→ MATERIAL PROVIDED:
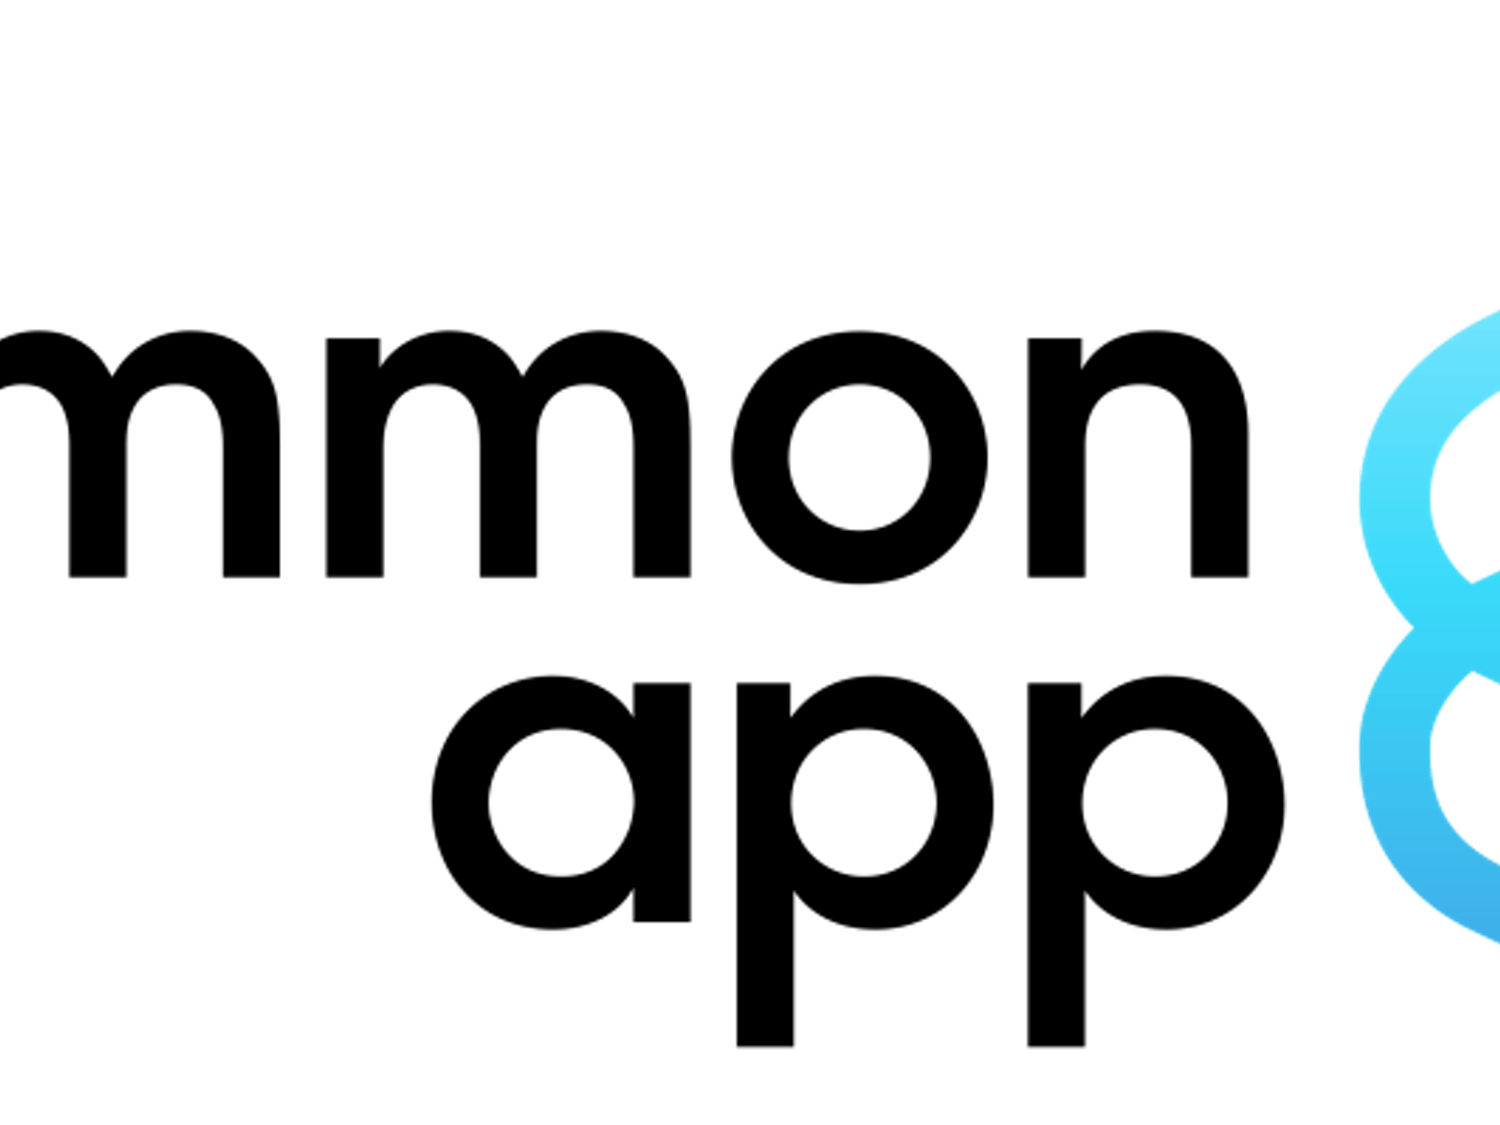 2880px-Common_Application_2019_Logo.svg_
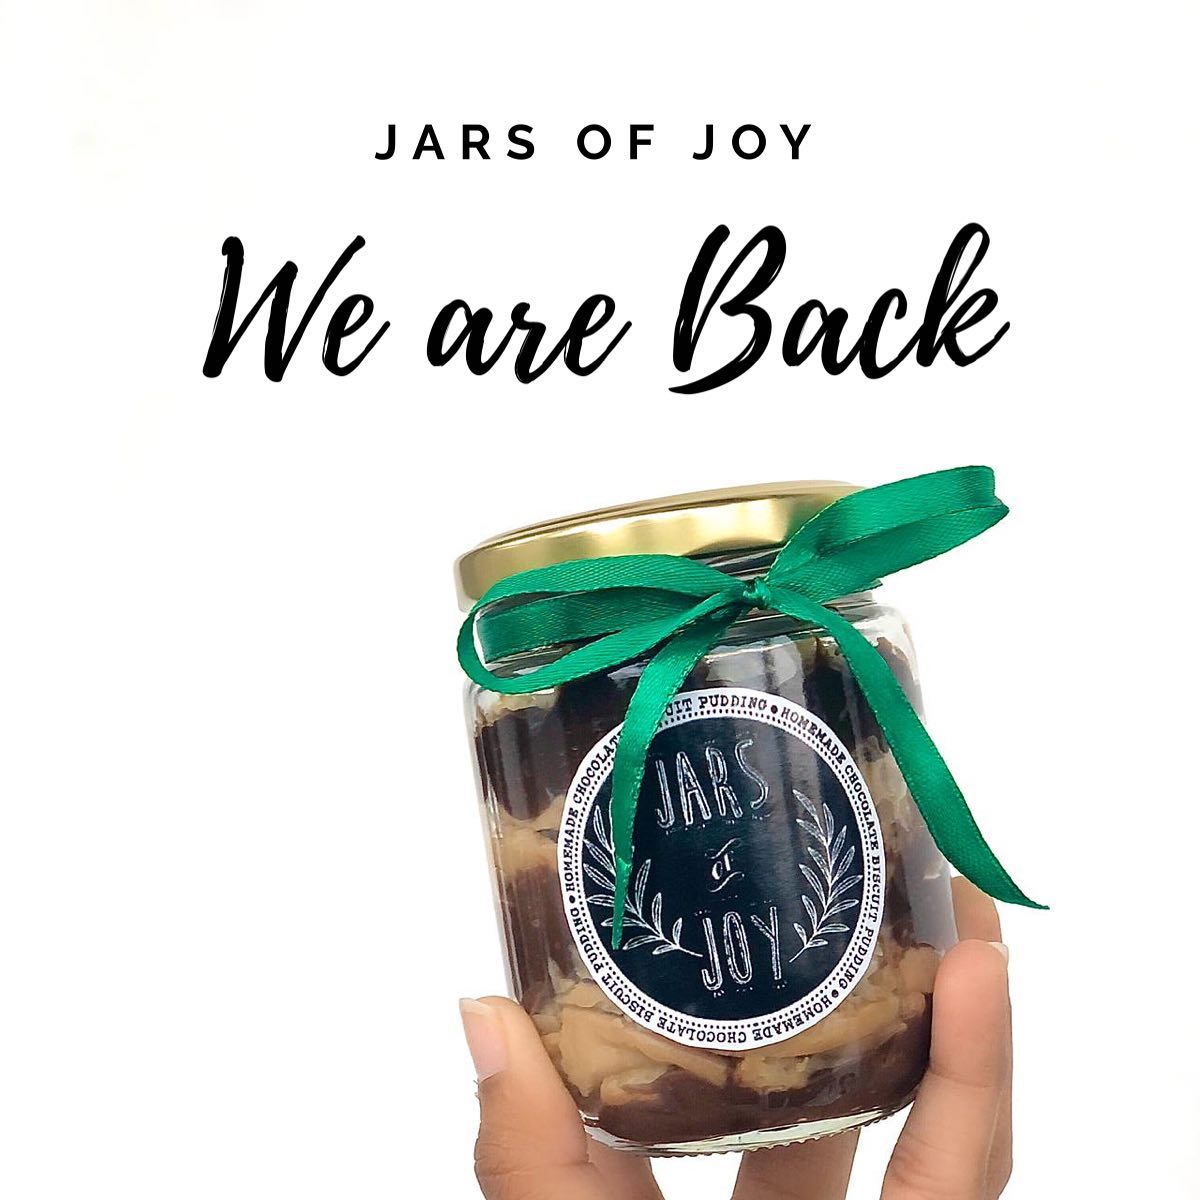 Jars of Joy
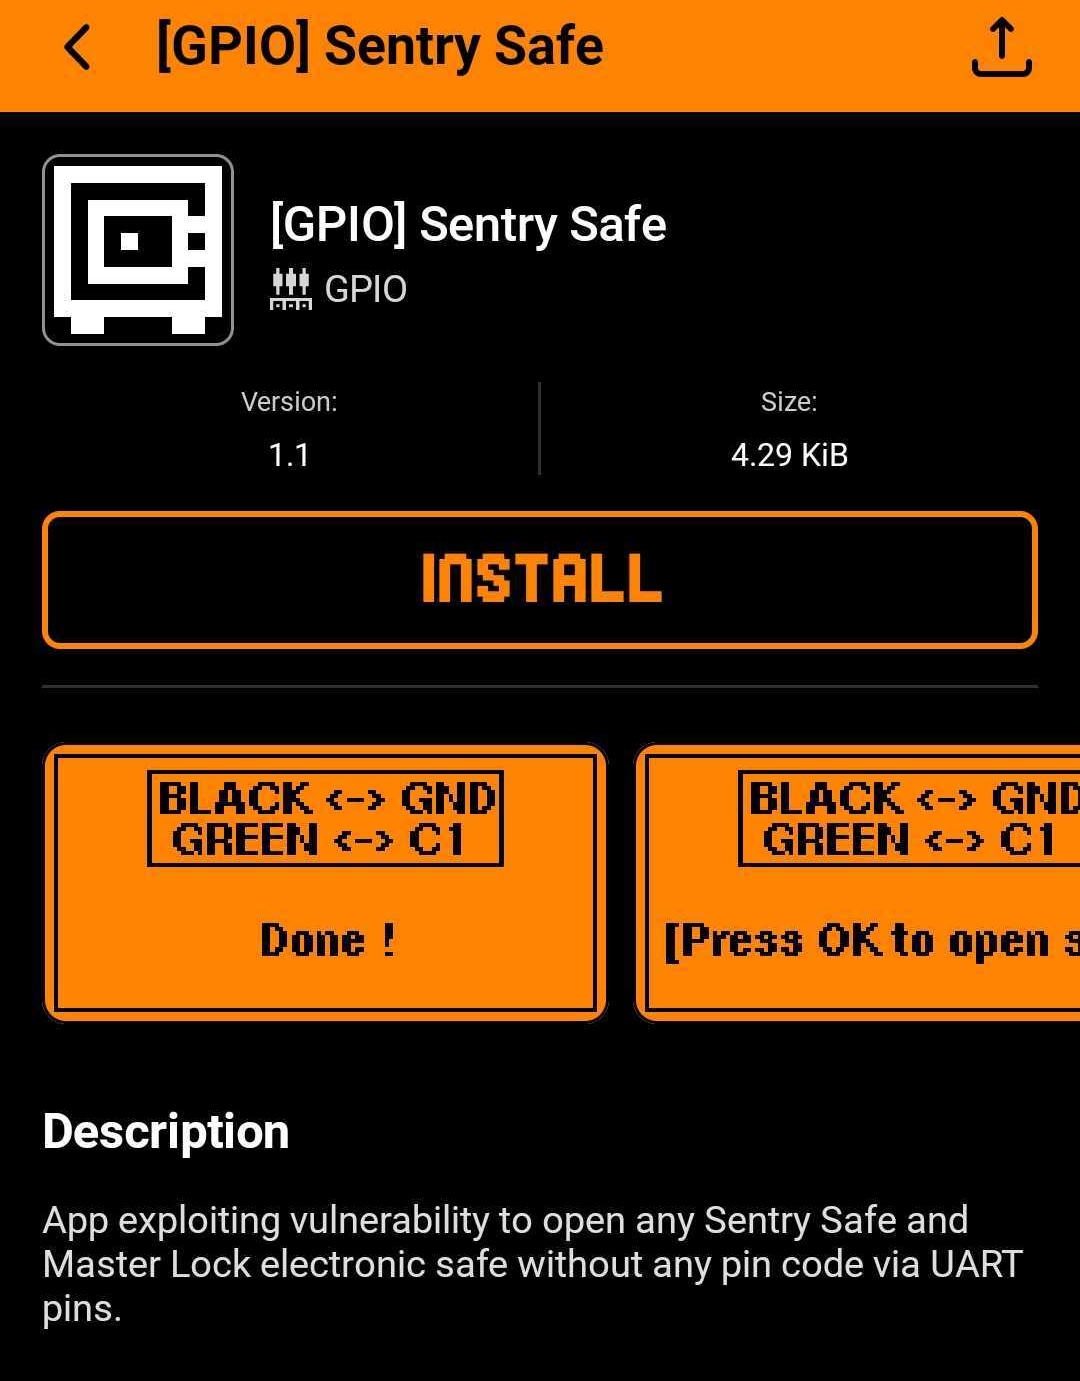 Screenshot of the [GPIO] Sentry Safe Fap in the Flipper Zero Mobile Application
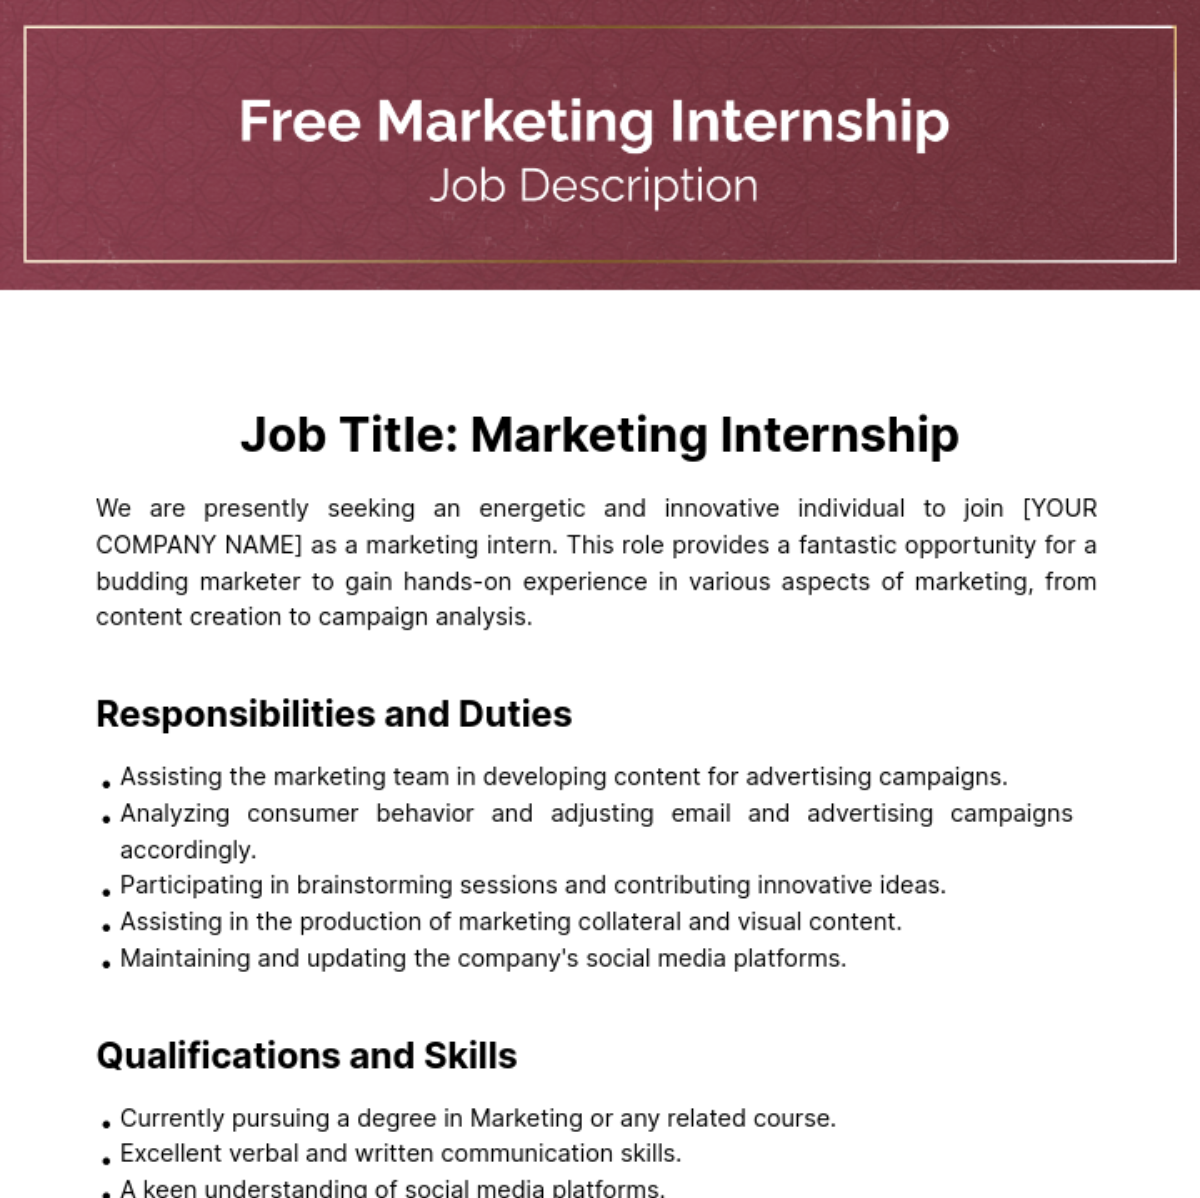 Marketing Internship Job Description Template

→ HOW TO COMPLETE THIS TASK: Set the material above down again word for word. Include none of its pictures.

→ COMPLETED EXERCISE:
 2880px-Common_Application_2019_Logo.svg_
 Jars of Joy
 Screenshot of the [GPIO] Sentry Safe Fap in the Flipper Zero Mobile Application
 Marketing Internship Job Description Template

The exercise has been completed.